Bayeux

14 May 2013

Dear reader - I have been away, to foreign shores!

And I traveled light so I didn't take implements of blogging with me, hence the gap between posts.

But this isn't a travel blog (there are some great ones out there by the way and I highly recommend Flora the Explora with a little touch of pride as I used to babysit her from time to time - she is a star and her writing is wonderful).

No, this little corner of Planet Internet is focused primarily on all things textile, with a bit of life thrown in for good measure, and the object of our excursion was a textile one - the Bayeux Tapestry!

If you haven't been - Go!

The tapestry - which isn't a tapestry at all but an embroidery - is staggering on all sorts of levels.  It's length (it was designed to be rolled out along both sides of Bayeux Cathedral); its colours (a bit faded but all achieved with vegetable dye); it's sheer brilliant, pure and unadulterated propaganda message (complete and one sided justification for the invasion of England by William the Conqueror) and most of all the fact that it is here at all!
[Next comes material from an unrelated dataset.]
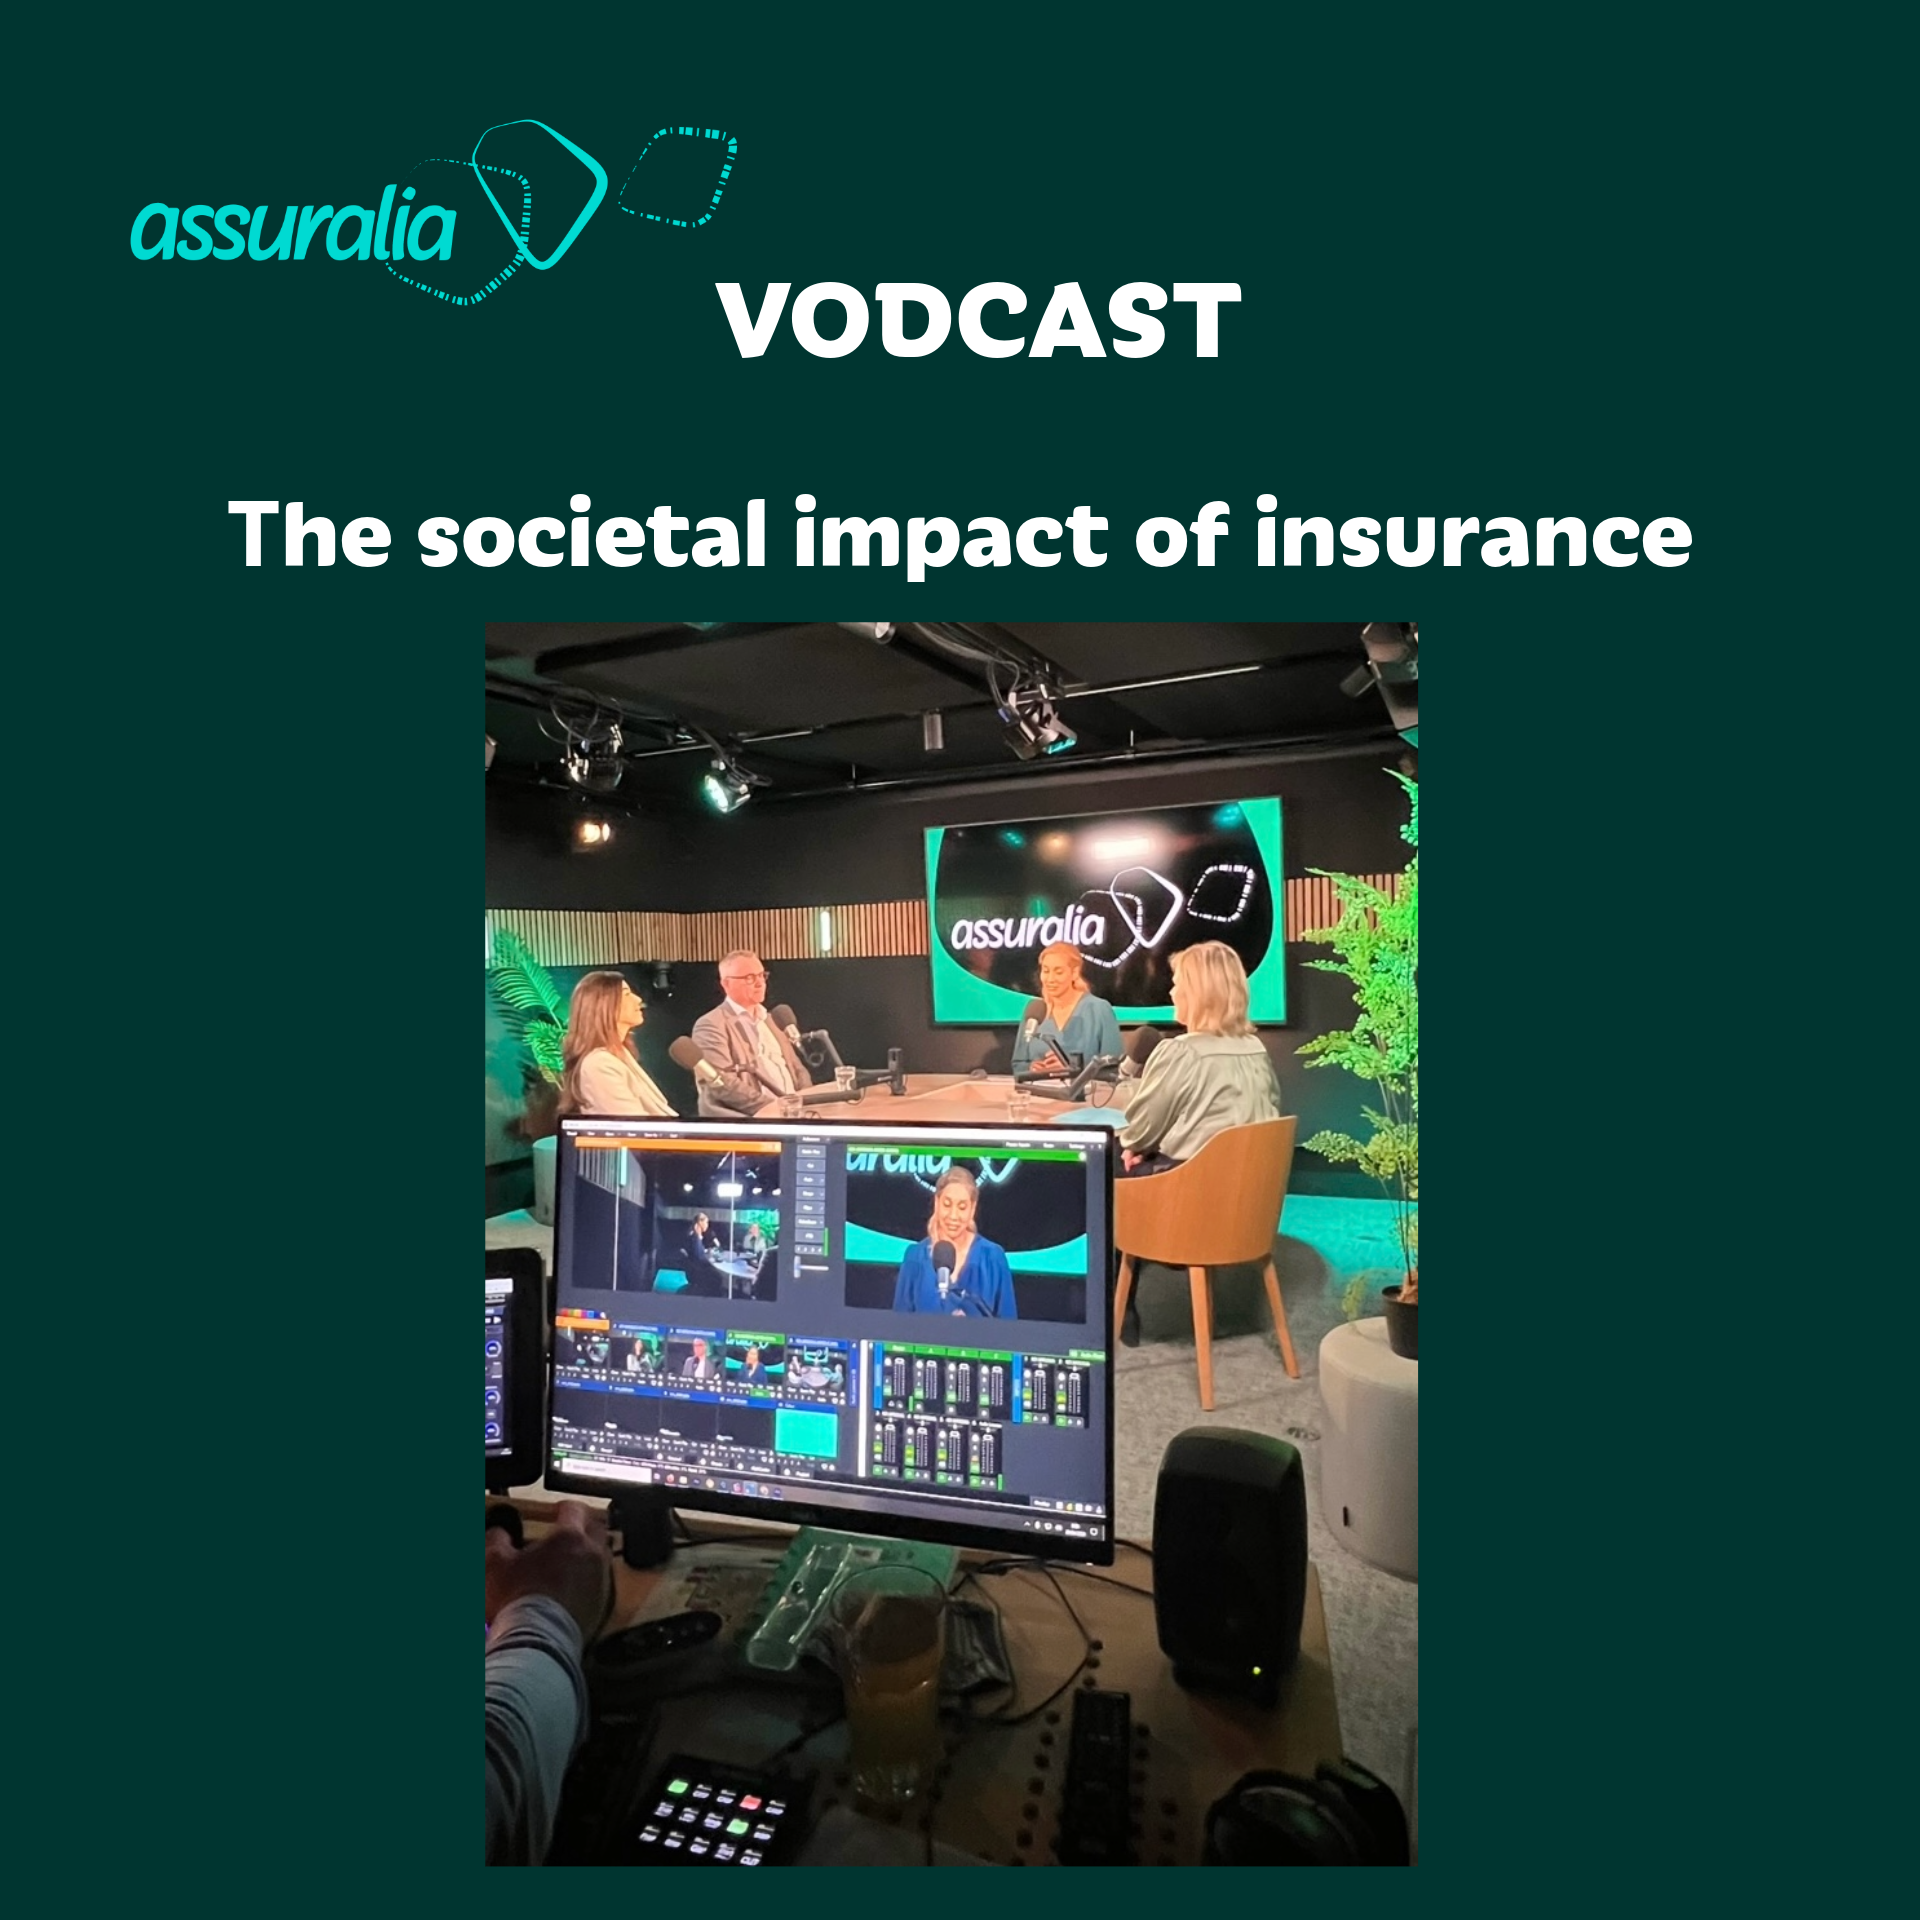 Gloednieuwe vodcast van Assuralia bespreekt grote maatschappelijke evoluties in de verzekeringssector

I came away thinking 'How did that survive?' - how did it not succumb to attacks by moth or beetle or mould?  How did it escape being cut up or reused? (History is turbulent - poor old William himself did not fare so well!  All that is left in his grave at Caen is one leg bone! And there is even some doubt that it is his!  And he was a king - not an embroidery!)  And how did it not get blown to smithereens when the Allies invaded that part of France on D-Day?

Here are just a selection of images.

 This is the very first tableau and shows Edward the Confessor, who was a cousin of both William and Harold, dispatching Harold to Normandy to tell William that he, Edward (who was childless) had chosen Willian to be his heir.  (You see, I told you it was progaganda!)
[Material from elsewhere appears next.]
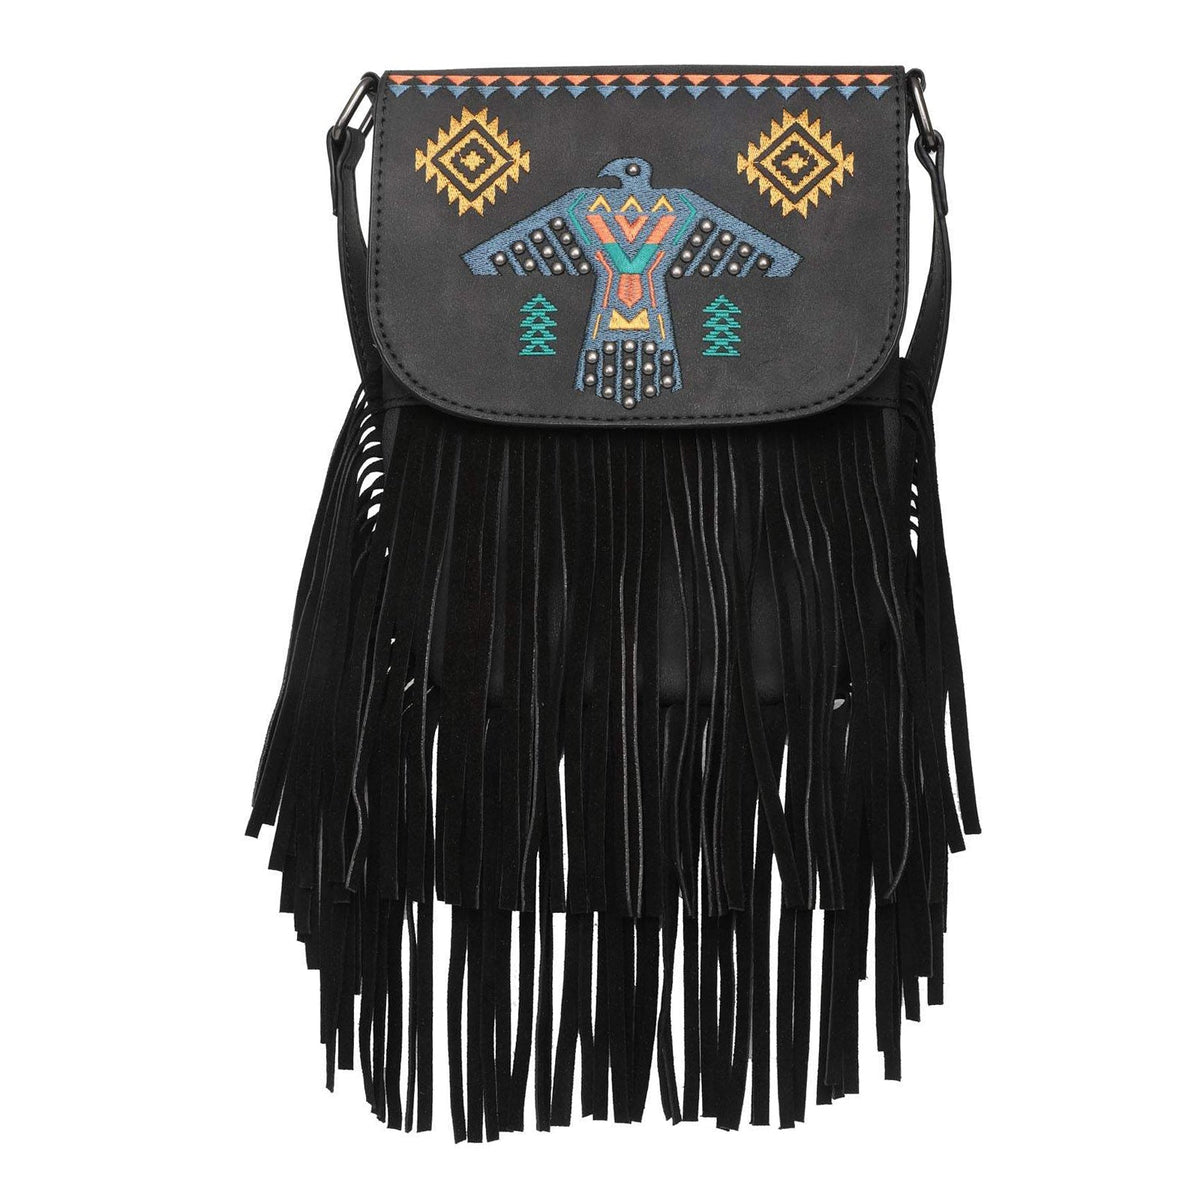 Wrangler Embroidered Thunderbird Aztec Fringe Crossbody - Montana West World

I cannot particulary remember the significance of this scene but there is hunting with hawks and dogs going on.  Harold was a guest of Williams in Normandy (and went of a skirmish with him too).


I love this tableau for the detail showing them loading up boats.  The men a clearly paddling bare legged in the water.  This isn't the invasion.  This was preparation for Harolds trip to Normandy.


Now that is William sitting on his throne on the left of this tableau and Harold is swearing on two holy relics of some sort that he agreed to William's claim to the throne and that he won't seize it himself.  More propaganda!

You might have noticed that there are top and bottom borders.  All sorts of animals - and as it happens some rather pornographic acts - are depicted there, including two camels and some characters from Aesops Fables.


Edward is being buried in this scene, and two things leap out - the detail of the architecture in the church and the exquisite hand pointing down from the sky.

And in writing this blog entry I have just found that there is a replica - in Reading Museum.  I didn't know that!


2 comments

  1. I can remember studying this tapestry for year in 1965 for my embroidery GCE. It put me off all thoughts of it for many years. I would be much more interested in studying it now than I was all those years ago.

    ReplyDelete
  2. If I had studied it for a year I would also have been put off!!

    But go back now if you can and marvel at it as a whole piece.